The Public Health Agency of Sweden has been commissioned by the government to investigate several models to reduce the risk for supply problems. The agency is planning to undertake a pilot study to test a proposed system with fixed annual remuneration to suppliers of particular antibiotics for hospital use that are still under patent protection and are of particular medical value. This trial, however, does not include older antibiotics, which constitute by far the majority of antibiotics used in Sweden placed on back order.

In its first report, PLATINEA suggests that Sweden introduce a national coordinated security store for inpatient care, in which the antibiotics in storage are continuously turned over.

“It would have been possible to avoid most of the situations in which drug supply was interrupted in recent years if we had had a store like this. The goal is to increase the rate of flow, volumes and availability of antibiotics along the complete chain of distribution, from the wholesalers that import the drugs, to the storage on an individual ward”, says Håkan Hanberger.

Thus, it is not a case of emergency stores of the type set up to cope with a crisis, but security storage to be used in normal conditions to increase the availability of antibiotics and to act as a buffer in the system.
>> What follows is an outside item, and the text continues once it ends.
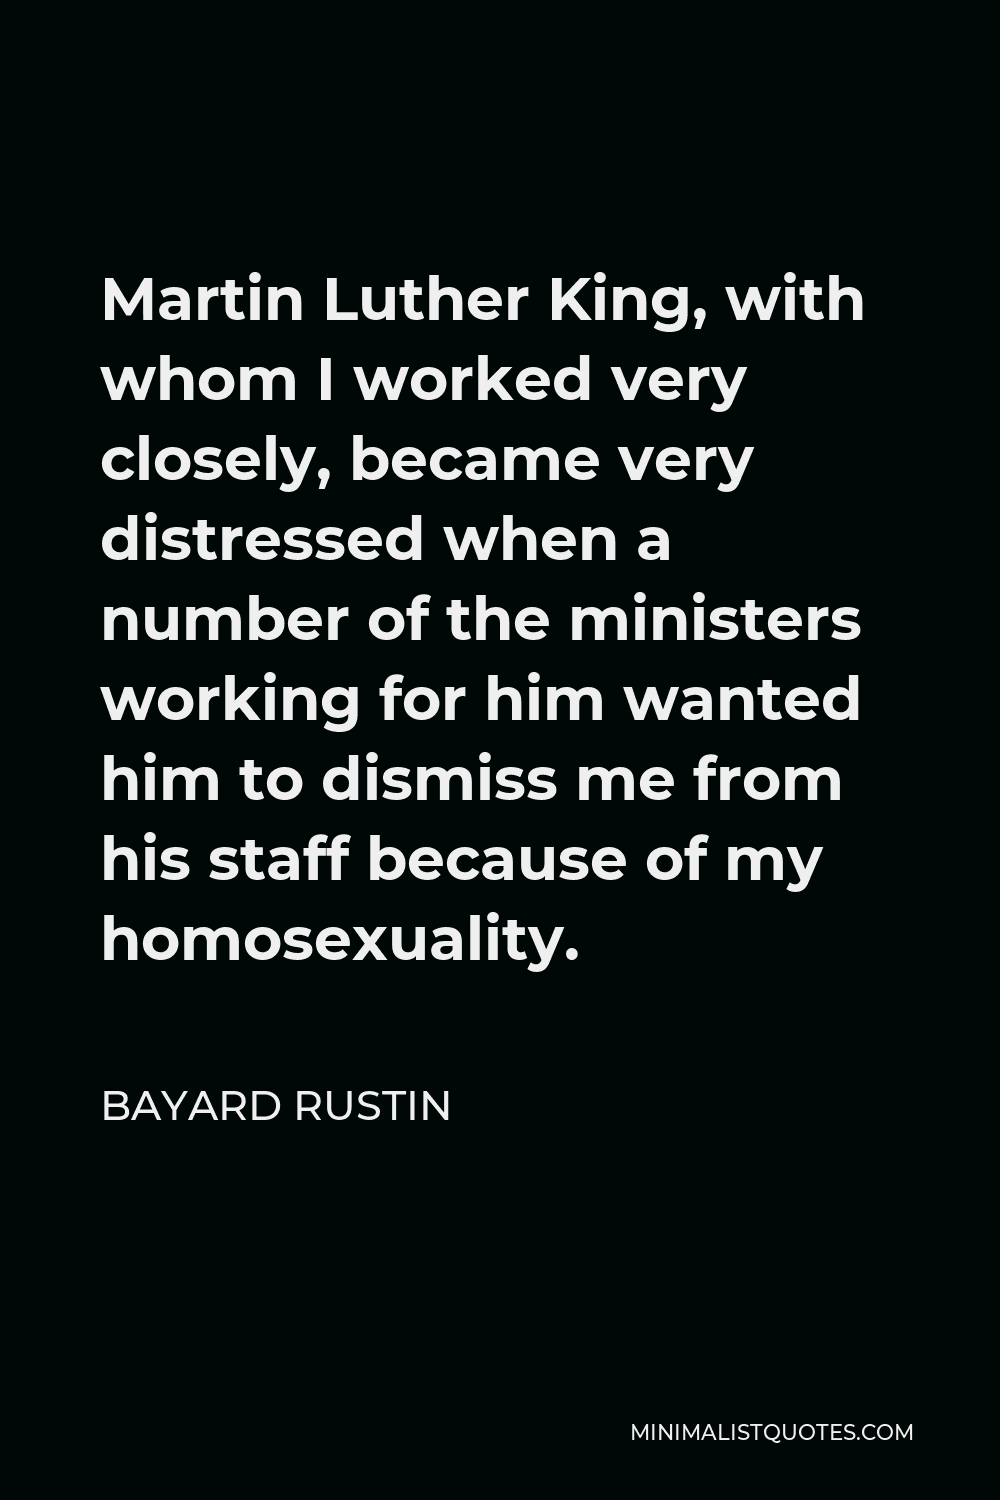 Bayard Rustin Quote - Martin Luther King, with whom I worked very closely, became very distressed when a number of the ministers working for him wanted him to dismiss me from his staff because of my homosexuality.

Innovations must work in the real world

The report also suggests changes intended to strengthen the chain of delivery by obtaining the same drug from several suppliers, and it suggests financial models that give pharmaceuticals companies higher incentives to secure the supply of antibiotics. Håkan Hanberger points out that it is important that innovations in the system of antibiotic supply are worked out in collaboration with the commercial actors.

“What makes it possible for PLATINEA to give concrete suggestions for innovations that improve the availability of antibiotics is its broad expertise. It has representatives for the pharmaceuticals industry, government agencies, the healthcare system, and medical research, together with researchers within business management.”

Håkan Hanberger hopes that PLATINEA can contribute other ideas that will maintain the value of existing antibiotics for coming generations. The network may, for example, carry out analyses that other actors do not undertake, and design interventions that are needed to preserve the effect of antibiotics.

“PLATINEA can be a think tank, somewhere where ideas are brought forward to deal with deficiencies in the system for the supply of antibiotics”, says Håkan Hanberger.